Ce signe, les établissements d’enseignement l’ont capté. Ils ont compris que le nouveau visage d’un étudiant engagé dans la vie collective était une valeur pour l’Université. Et comme le dit Henri Isaac, vice-président en charge du numérique à l’université Paris Dauphine, « Pour une université productrice de connaissance et qui se fait disrupter sur ce sujet par les Moocs, que les étudiants viennent en masse travailler sur place et un grand signe de résilience, car la présence des étudiants est la valeur d’une université. Ils viennent chercher une expérience d’apprentissage complètement nouvelle et veulent contribuer à la constitution des savoirs ». Comment les établissements développent-ils le potentiel de ces étudiants contributeurs, au sens où leur énergie est une création de valeur pour les universités ?

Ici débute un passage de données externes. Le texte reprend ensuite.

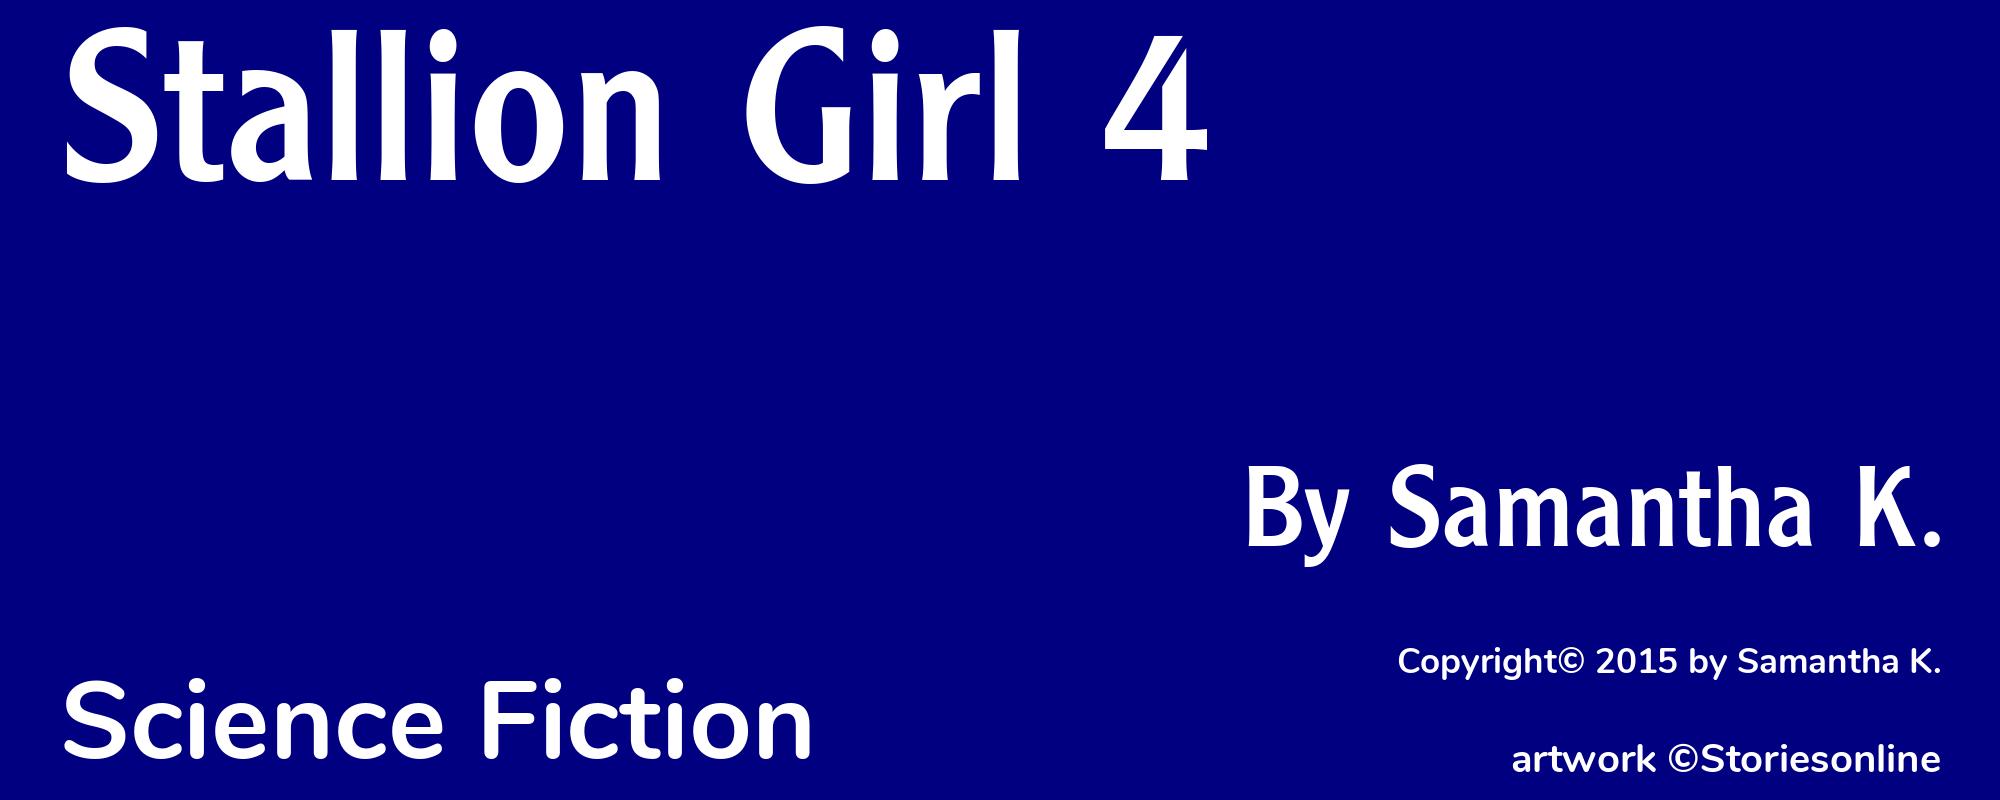 Stallion Girl 4 - Cover

4. Nouveaux modes d’accueil des étudiants

Connecteurs étudiants

Ces dernières années, des structures nouvelles ont fait leur apparition sur les
campus. Une première catégorie est le “connecteur étudiant”. Il s’agit d’espaces de rencontres et d’événements qui remplissent plusieurs missions : accueillir et étayer les initiatives des étudiants, les rapprocher d’écosystèmes professionnels innovants, les immerger dans l’économie numérique, sensibiliser à la création d’activité.

A Saclay, le Proto 204 est un connecteur étudiant qui occupe un bâtiment central sur le campus. Il est un carrefour transdisciplinaire (physiciens, informaticiens, designers, ...). Il offre des moyens de prototypage rapide et instille la culture du DiY (Do it Yourself), du hacking et de l’autofabrication dans les cultures universitaires conceptuelles.

Incubateurs

L’association IES (“Incubateurs de l’enseignement supérieur”) publie une liste qui concerne une vingtaine d’écoles des mines et de management. Plus de 100 étaient référencés en 2012. «  Il a fallu attendre le boom des start-up Internet, au début des années 2000, pour assister à un premier décollage du nombre d’incubateurs d’écoles, avant l’accélération de ces deux ou trois dernières années. Les 29 Pepite (pôles étudiants pour l’innovation, le transfert et l’entrepreneuriat), lancés en 2014, fédèrent les établissements d’enseignement supérieur proposent aux étudiants une sensibilisation et un accompagnement à la création d’entreprise, via notamment le statut d’étudiant entrepreneur. Et, pour ceux qui le souhaitent, un accès à l’incubateur d’un des établissements membres du Pepite ».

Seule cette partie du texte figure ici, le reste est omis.